3. KUBE CONTROLLER MANAGER:
The Kube Controller Manager on the master node in Kubernetes acts as the “brain” or “manager” of the cluster. Its main job is to monitor and control the state of the cluster, ensuring that the desired state is maintained and responding to any changes or events that occur.

Here’s a simplified explanation of the Kube Controller Manager’s job:

⚙️ Resource Monitoring: The Kube Controller Manager continuously monitors the state of resources in the cluster. It keeps an eye on various Kubernetes objects like Pods, Services, Deployments, ReplicaSets, and more. It checks if these resources exist, is running as expected, and if any changes or failures occur.

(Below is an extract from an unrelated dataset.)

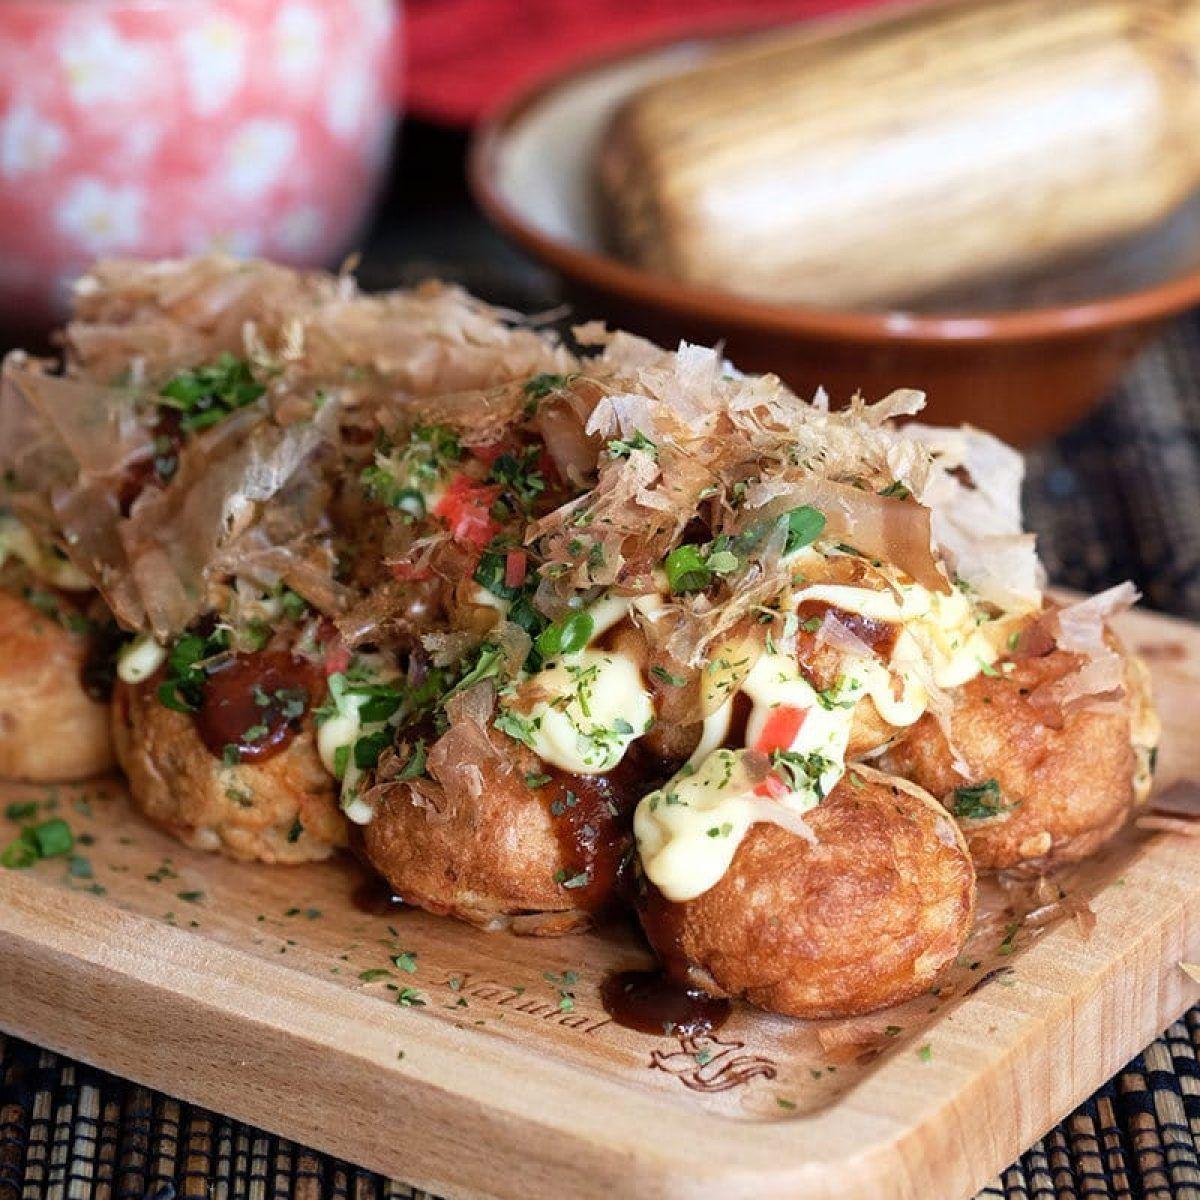 ThaiStyle Crispy Pork Belly Recipe Crispy pork belly
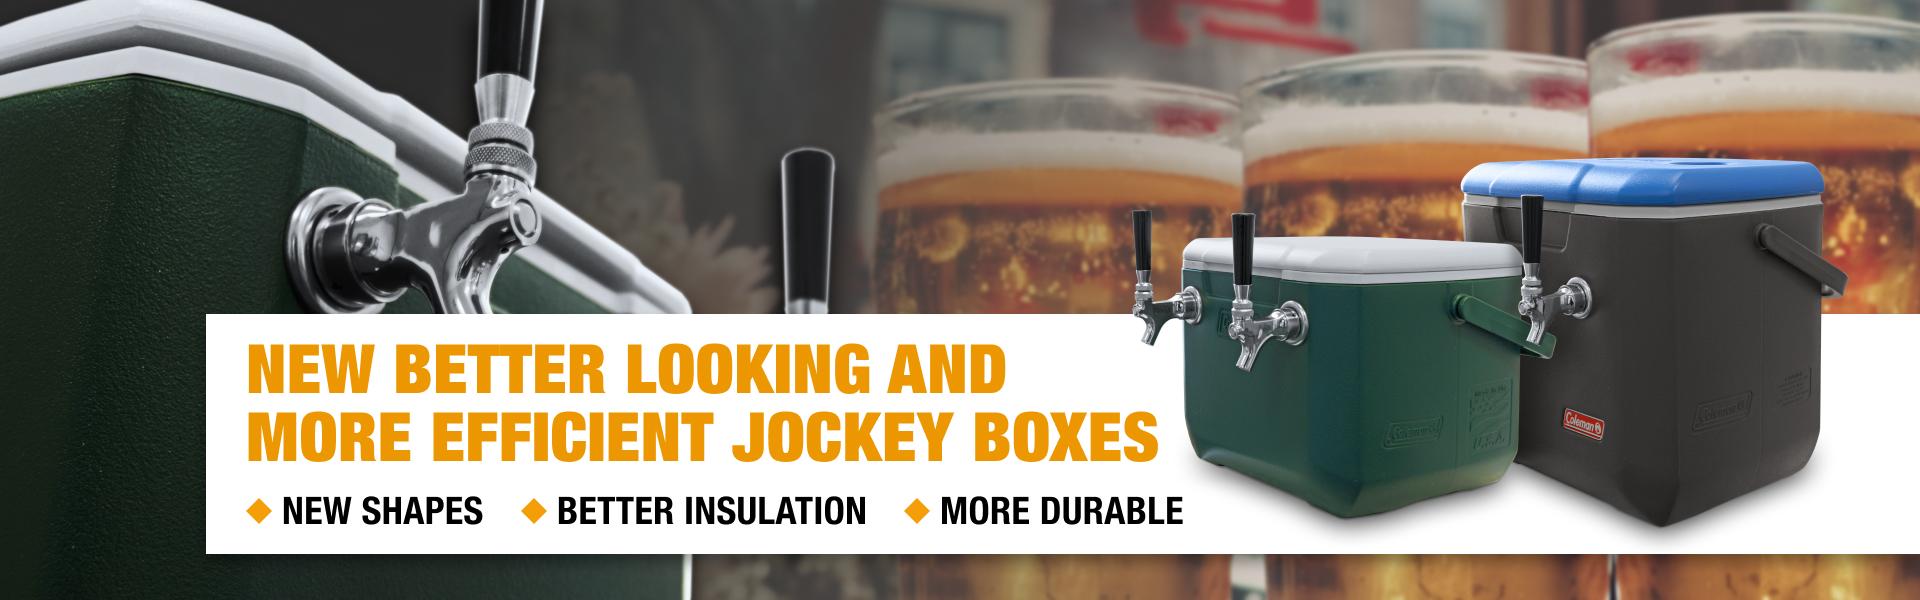 jockey-boxes.jpg

**⚙️Desired State Enforcement: **The Kube Controller Manager ensures that the cluster’s resources match the desired state specified by users or administrators. It compares the actual state of resources with the desired state and takes action to reconcile any discrepancies. For example, if a Pod fails or gets deleted, the Controller Manager will initiate the creation of a new Pod to maintain the desired number of replicas.

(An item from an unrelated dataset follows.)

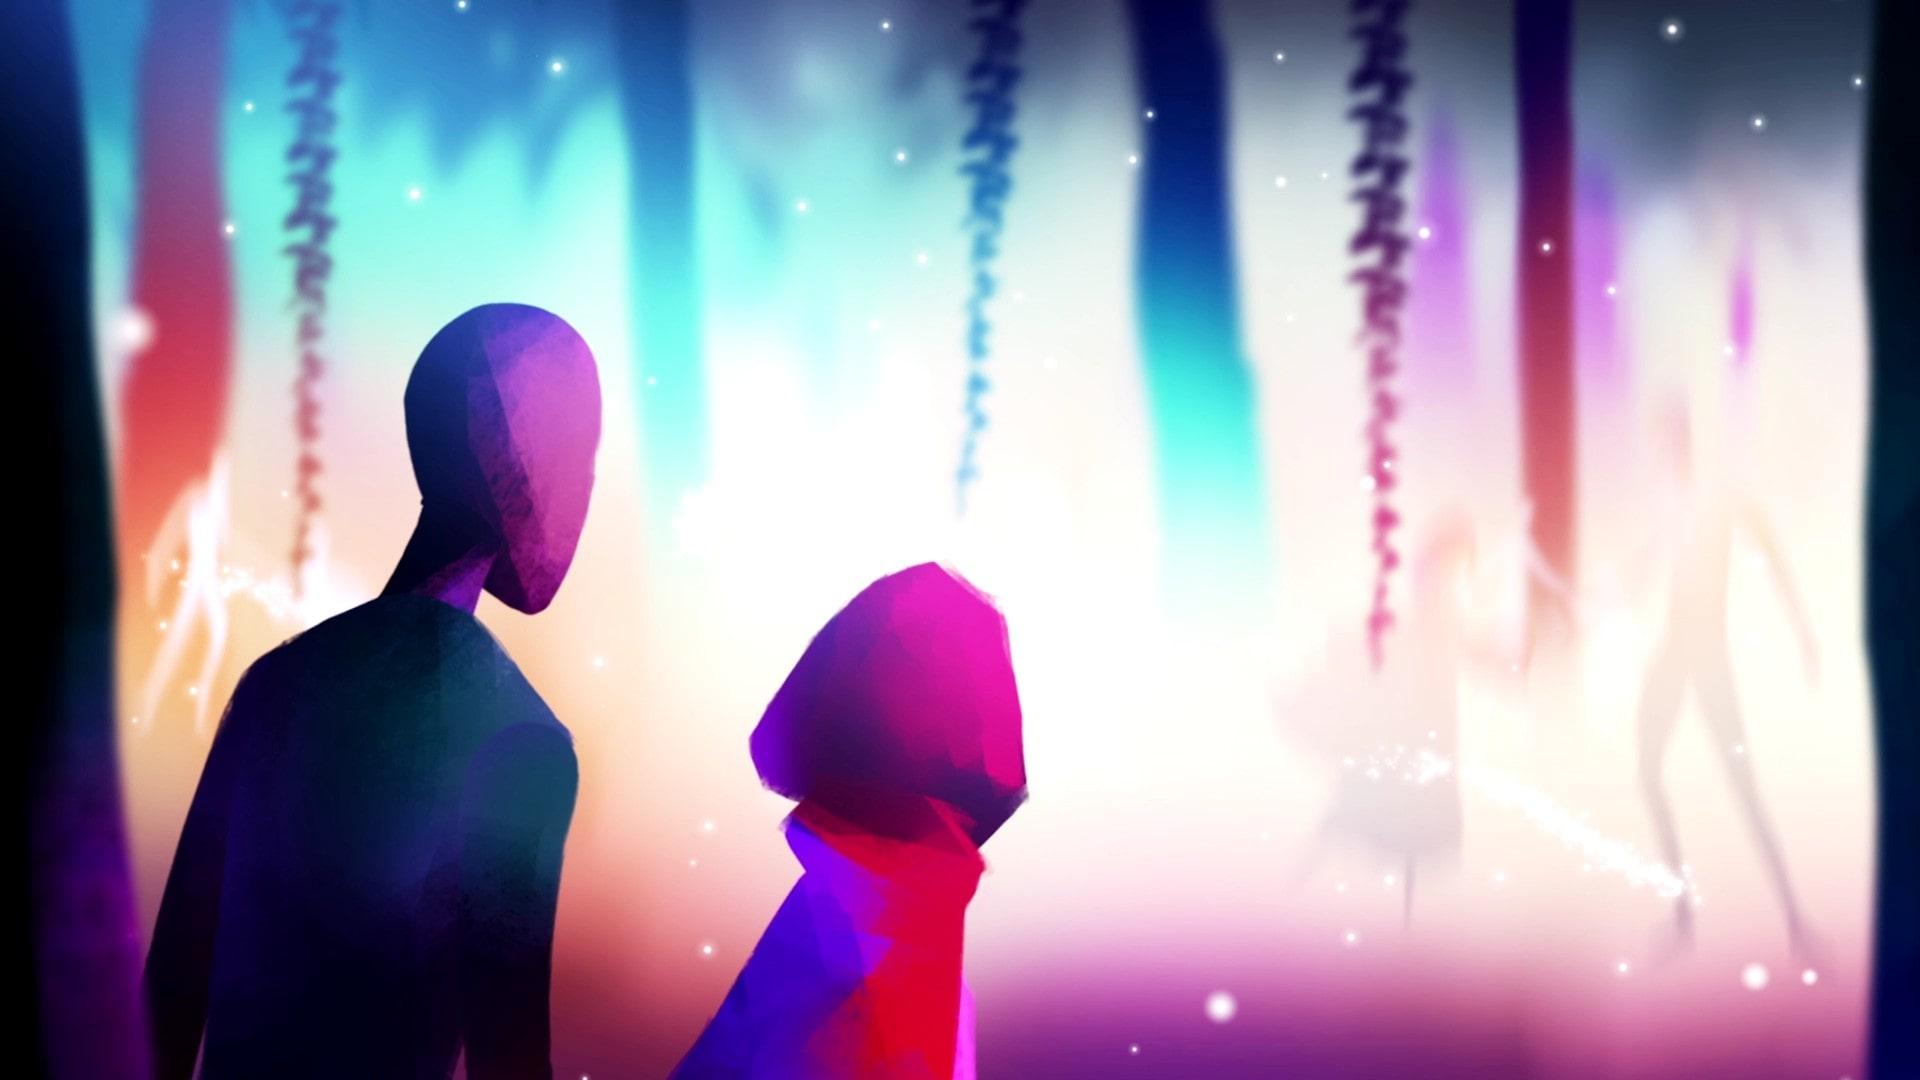 tee noah - indigo music video

⚙️Automatic Healing: If any resource fails or becomes unhealthy, the Kube Controller Manager takes corrective actions to heal the cluster. It can restart failed Pods, reschedule them to healthy nodes, or create new instances as needed. This helps in maintaining the overall health and availability of the cluster’s resources.

**⚙️Scaling and Auto-scaling: **The Kube Controller Manager handles scaling operations. It can scale resources like Deployments and ReplicaSets by creating or terminating instances based on the specified scaling policies or metrics. For example, it can automatically add more Pods to handle the increased workload or remove Pods during periods of low demand.

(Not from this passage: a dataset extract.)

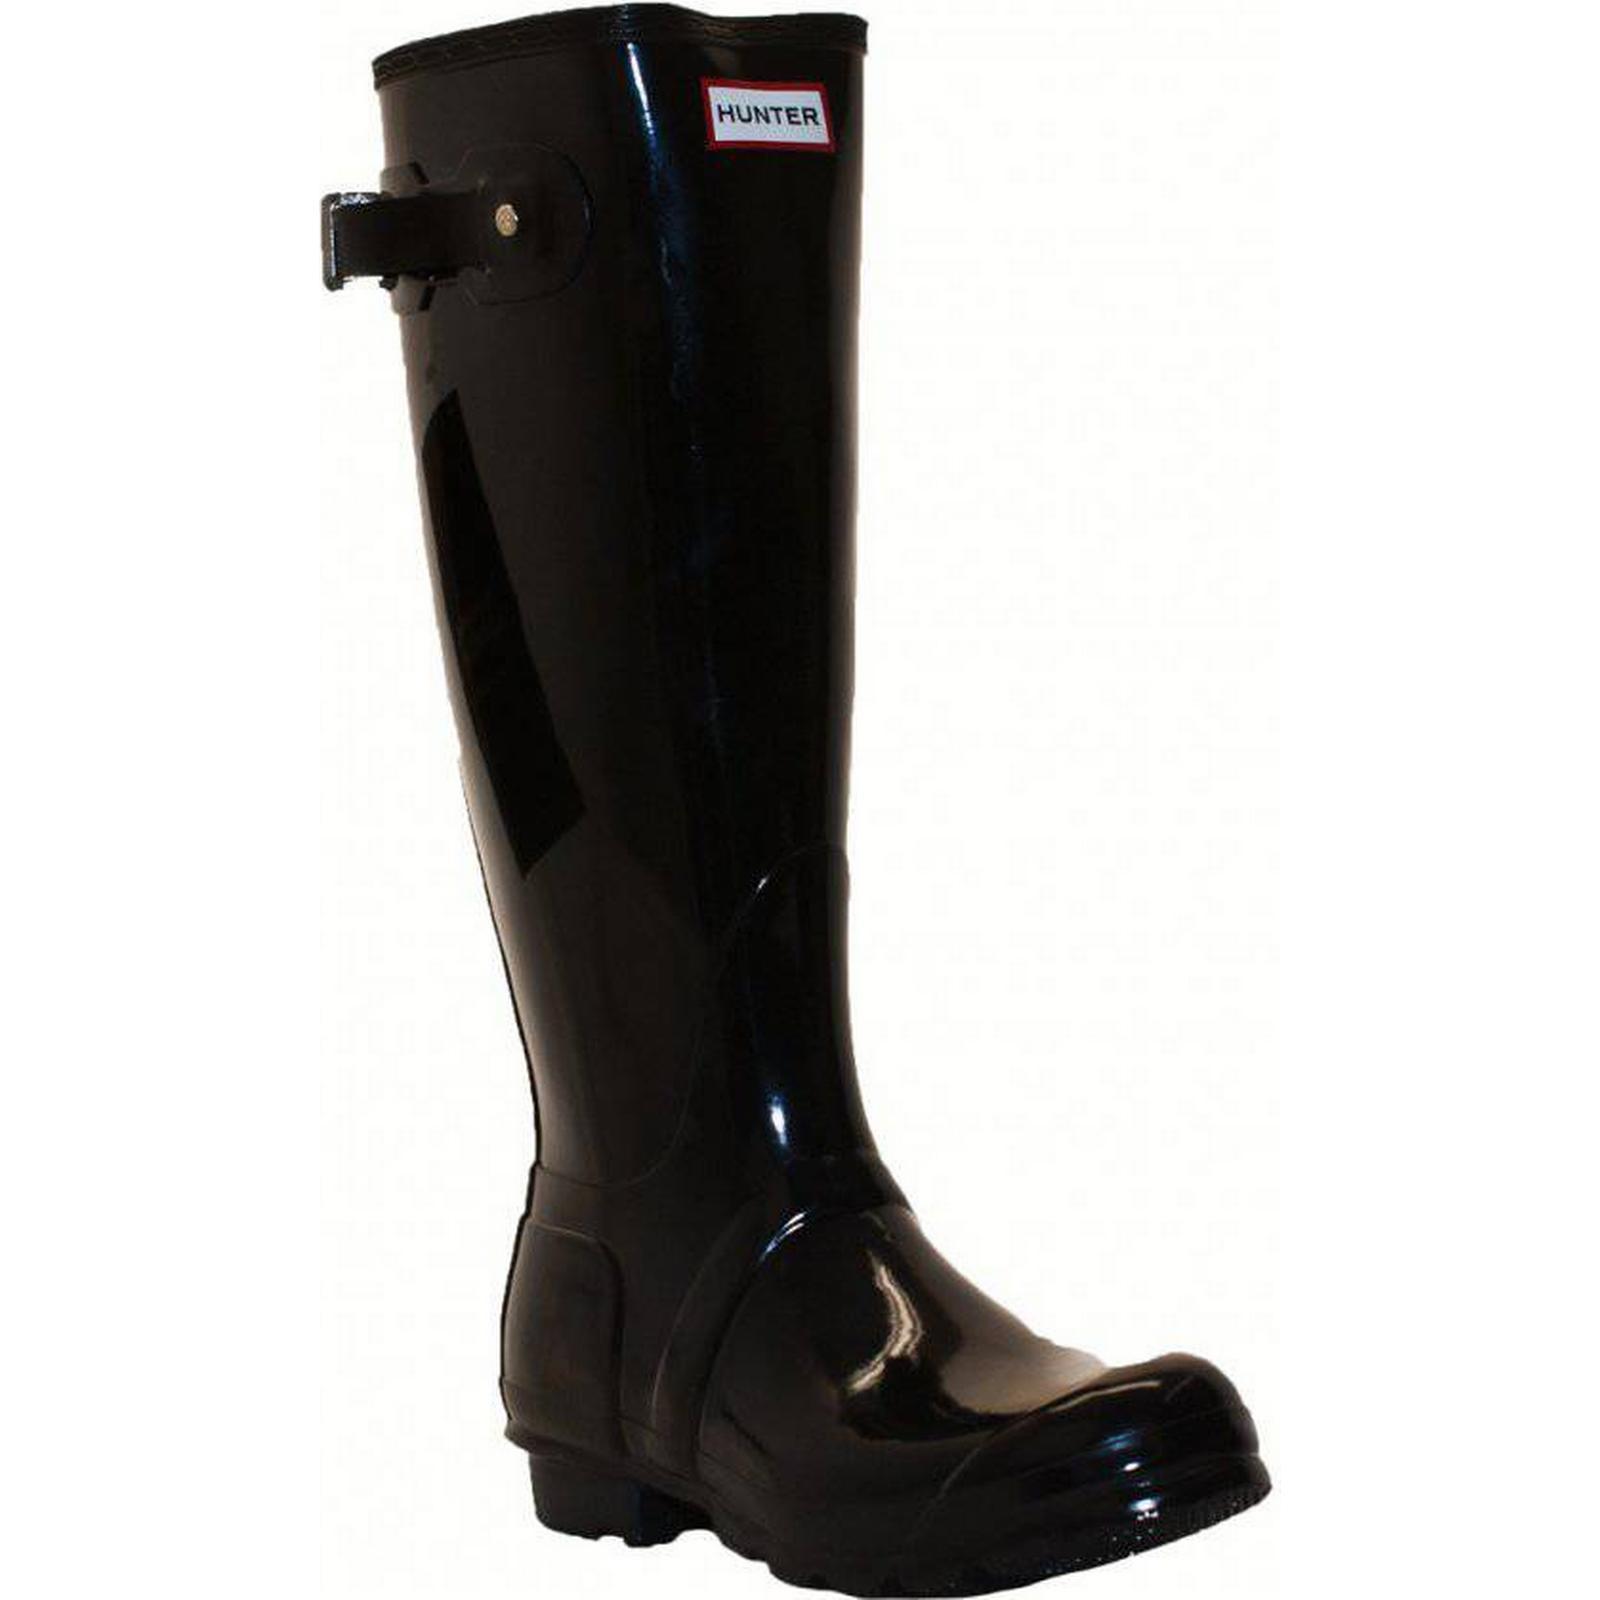 Hunter Womens (Black) Original Tall Gloss Wellington (Black) Womens Size: 5, Colour: 656bf8

**⚙️Event-driven Actions: **The Kube Controller Manager listens for events and triggers actions accordingly. It reacts to events such as Pod creation, deletion, or changes in resource utilization. Based on these events, it can perform tasks like load balancing, triggering rolling updates, or adjusting the cluster’s configuration.

Some types of these controllers are:

· Replication controller: Ensures the correct number of pods is in existence for each replicated pod running in the cluster.

**· Node Controller: **Monitors the health of each node and notifies the cluster when nodes come online or become unresponsive.

**· Endpoints controller: **Connects Pods and Services to populate the Endpoints object.

· Service Account and Token Controllers: Allocates API access tokens and default accounts to new namespaces in the cluster.

4. KUBE SCHEDULER:
The Kube Scheduler on the master node in Kubernetes acts as the “matchmaker” for the cluster. Its primary job is to decide which worker node in the cluster should run each newly created Pod based on various factors and constraints.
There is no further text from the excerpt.